Top Color Mixing Tips for Artists
Color and pigment provide so many different painting possibilities and nuances that an artist could spend a lifetime exploring color, color theory, and color mixing. Color mixing is something that often overwhelms beginners and that they shy away from because it can be complicated, but it can also be pared down to some fundamental tips and guidelines that will help the beginner embrace the challenge and get mixing, and it is only by actually mixing colors yourself that you will come to understand and learn how colors work together. At worst you’ll produce mud colors, not necessarily a bad thing; use them with some white to do a tonal exercise, or underpainting, or to create a neutral surface color for your palette. Here are the best tips and advice to help you with color mixing that will help you understand color and improve your painting.
You Can Mix All the Colors You Need From the 3 Primaries
The three primary colors are red, yellow, and blue. These colors cannot be made by combining other colors together, but these three colors, when combined in different combinations and in varying ratios, with white to lighten the value of the color, can create a vast array of hues.
Exercise: Try limiting your painting palette to any red, yellow, and blue, plus white, for a few weeks. You will learn a lot about how colors interact with each other. You might use the warm hues of each primary, then try the cool hues of each primary. Note the differences. Try to identify a limited palette of three primary colors that you particularly like. A common one is alizarin crimson (cool red), ultramarine blue (cool blue), and cadmium yellow light or hansa yellow (cool yellow), but that does not mean it is the only one.
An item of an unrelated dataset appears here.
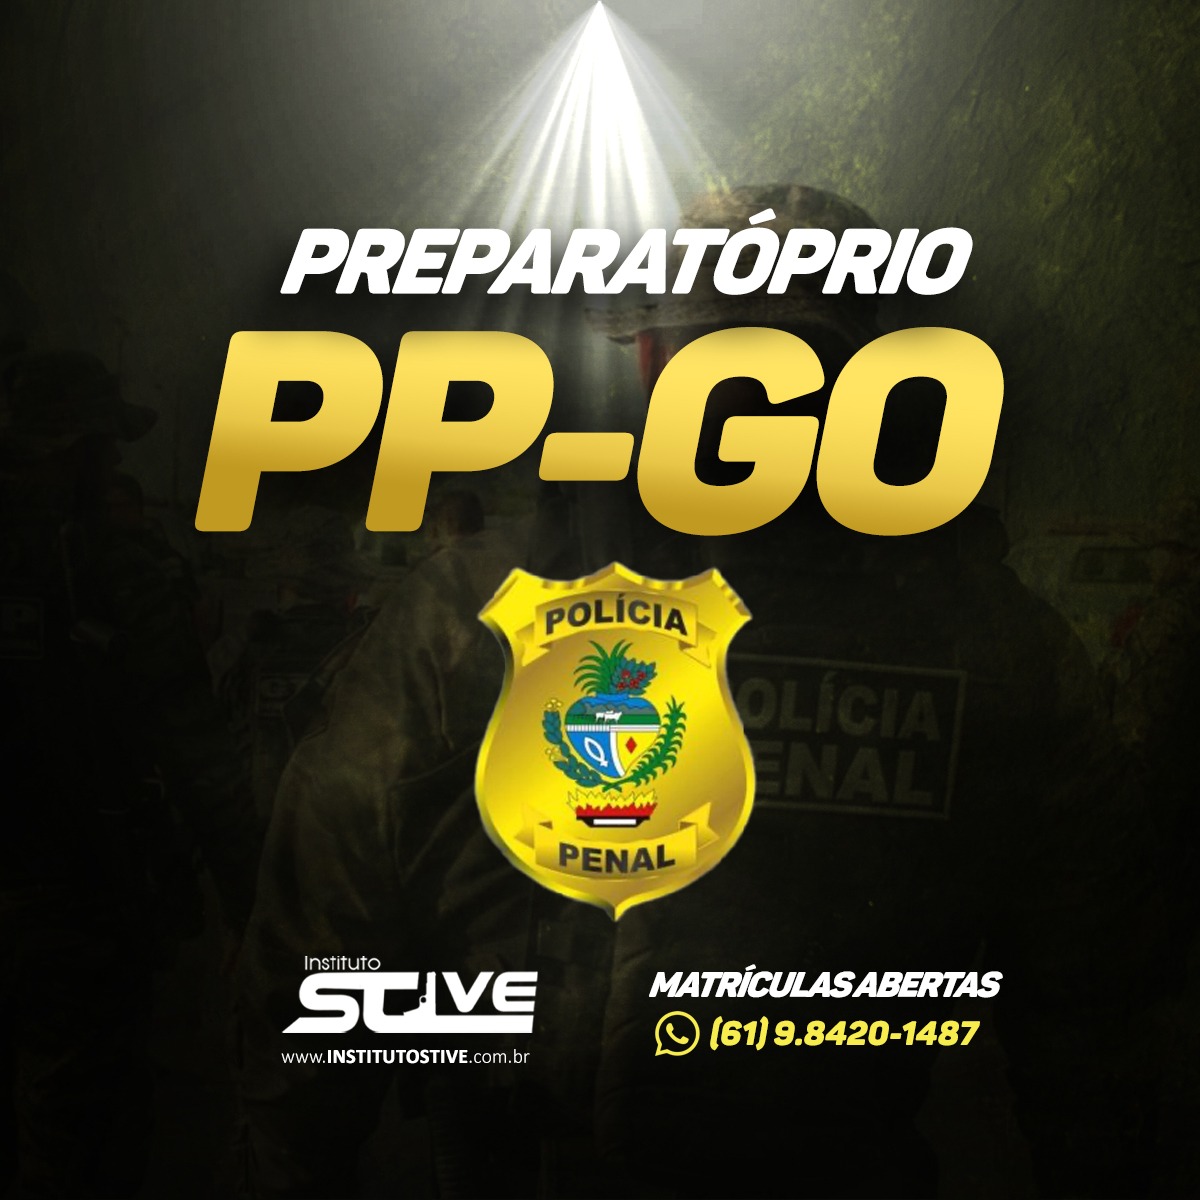 PREPARATRIO PRESENCIAL PP-GO

Color is All About Relationships
There is no one right color for a painting; there is only a right color in relationship to the other colors around it. Every color affects the colors adjacent to it and is in turn affected by the adjacent color, as observed in and explained by the law of simultaneous contrast. That is why it is possible to create a representational painting with a limited palette that has beautiful color harmony even though the color on the painting might not be the color you actually see in the real world.
Add Dark to Light
It takes only a little of a dark color to change a light color, but it takes considerably more of a light color to change a dark one. So, for example, always add blue to white to darken it, rather than trying to lighten the blue by adding white. That way you won’t end up mixing more color than you want.
Add Opaque to Transparent
The same applies when mixing an opaque color and a transparent one. Add a little of the opaque color to the transparent one, rather than the other way round. The opaque color has a far greater strength or influence than a transparent color.
Stick to Single Pigments
For the brightest, most intense results, check that the two colors you are mixing are each made from one pigment only, so you’re mixing only two pigments. Artist’s quality paints normally list the pigment(s) in a color on the tube’s label.
Mixing the Perfect Browns and Grays
Mix ‘ideal’ browns and grays that harmonize with a painting by creating them from complementary colors (red/green; yellow/purple; blue/orange) in the palette you’ve used in that painting, rather than colors you haven’t used. Varying the proportions of each color will create a wide range of hues.
Rather than mixing two colors together completely on your palette, if you stop a little before they are totally combined you get a far more interesting result when you put the mixed color down on paper or canvas. The result is a color that’s intriguing, varies slightly across the area you’ve applied it, not flat and consistent.